- Associated Press - Monday, February 12, 2018

NEENAH, Wis. (AP) - In 2003, Peter Valitchka was training new U.S. Army recruits at Fort Benning, a military base near Columbus, Georgia.

Valitchka was approached by a high-ranking officer with a disconcerting message.

“These guys have to be ready,” Valitchka recalled the officer saying. “They’re going to be in combat in less than 90 days.”

Valitchka was immediately struck by the weight of the responsibility placed on his shoulders.

“That was a shocker because I had never been in combat,” he said. “Yet I’ve got to train them to make sure they can survive.”

Valitchka, 49, is part of a U.S. Army Reserve unit based in Neenah made up entirely of drill instructors. They’re responsible for basic training and working with new recruits, among other duties.

“You’re getting these young kids off the bus. They have no idea what to expect,” he said. “You get to watch them transform from a civilian to a soldier.”

The job isn’t easy. They work long hours and handle all the responsibilities of training a few hundred new recruits at a time, the Post Crescent reported .

Valitchka has almost two decades of experience as a drill instructor, but still remembers getting in front of recruits for the first time.

“It was intimidating,” he said. “You’re the man in front of them.”

Brad Schmoll, also a drill instructor, was also intimidated his first time. He expected to work alongside a more-experienced drill instructor the first time he ran basic training when he began his career more than a decade ago.

Schmoll showed up “ready to change the world,” he said, but got off to a rough start when he told the other drill instructor it was his first time.

“He picks up his stuff and says I’ll see you tomorrow,” Schmoll said.

He wasn’t kidding. Schmoll was left on his own with a crowd of recruits. The other drill instructor didn’t return until the next day.

“I had barely slept because I was worried about getting all this stuff done,” Schmoll said.

But the other drill instructor wasn’t being malicious. Schmoll had a lesson to learn. He had to act, despite the stress of the situation.

“You have to be very assertive and take charge,” he said.

Schmoll, 40, has gained plenty of experience as a drill instructor since he learned that lesson. Schmoll, Valitchka and other drill instructors with the unit in Neenah have trained recruits all over the country.

“You have to be ready to go at any moment,” Valitchka said.

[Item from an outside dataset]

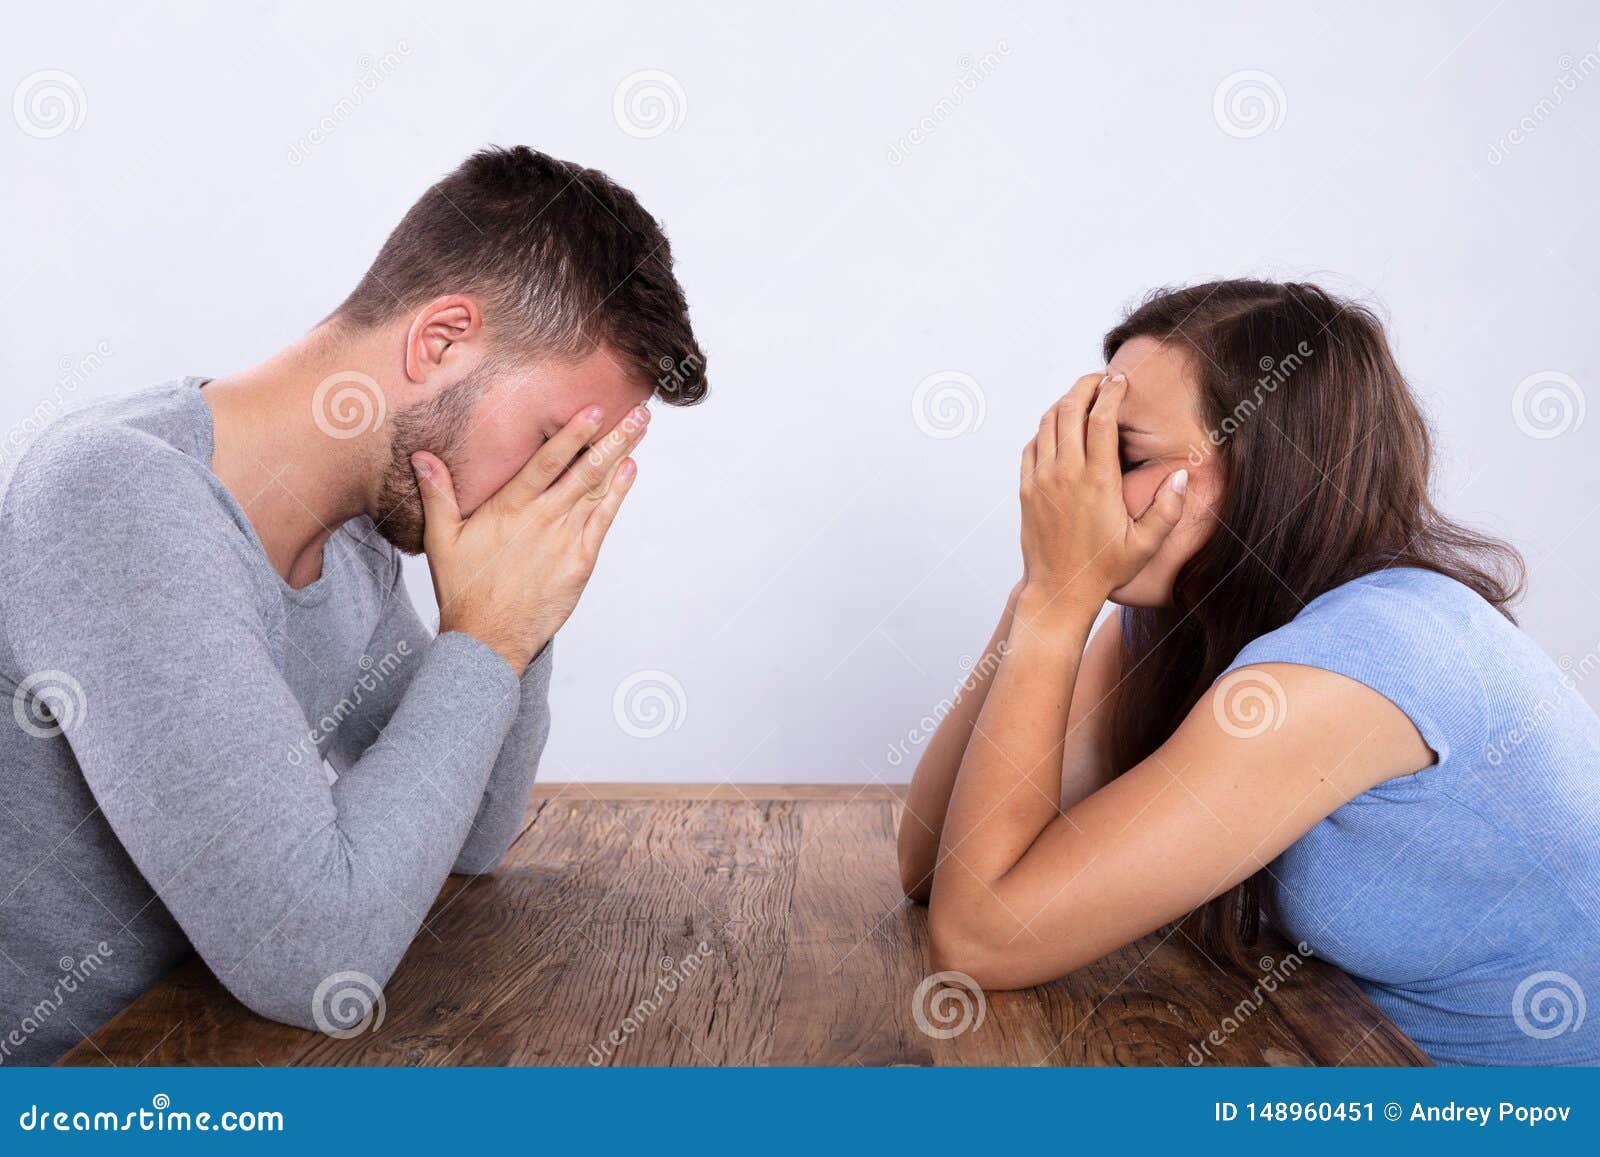 Depressed Couple Sitting Opposite Each Other Stock Image Image Of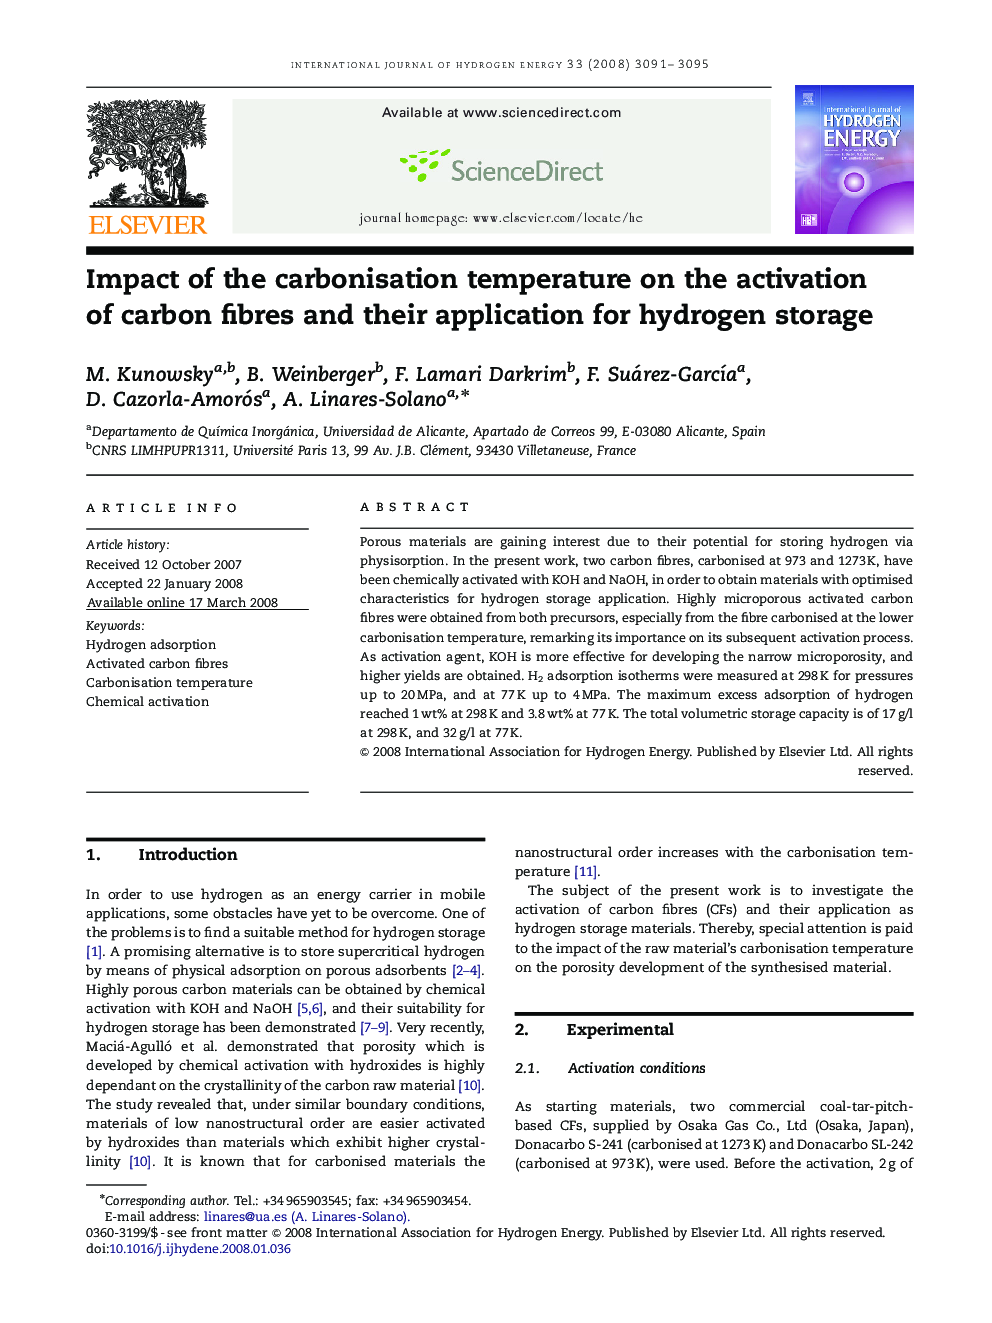 Impact of the carbonisation temperature on the activation of carbon fibres and their application for hydrogen storage

Laura Rozeboom went to basic training - to train, not to teach - three days after she graduated from high school. She was deployed to Iraq about a year later. She was young, but the experience changed her.

“I was forced to grow up and take responsibility and be an adult,” Rozeboom said.

Rozeboom, 33, became a drill instructor a few years after returning from her deployment. She had a desire to help others reach their full potential.

But members of the Neenah unit aren’t in the military full-time. They’ve got other jobs too. The balance between a civilian life and a military life isn’t always easy to maintain.

Valitchka has worked at Protective Coating Specialists in Appleton for 17 years. Schmoll has worked at CMD Corporation in Appleton for 21 years. The hardest thing to do for many members of the unit is transition from a civilian job to a military job, and back again.

“You have to be able to turn that on and off,” Schmoll said.

The situation isn’t always ideal for families either, with members of the unit often gone for weeks at a time. That makes the support of family members incredibly important, Valitchka said.

“If we don’t have the family support, you’re going to have trouble with the soldier,” he said.

But despite the tremendous responsibility, the opportunity to help transform young people into soldiers has kept many of them around for years, Valitchka said.

“We’re mean. We’re tough,” he said. “But we teach them what they need to know.”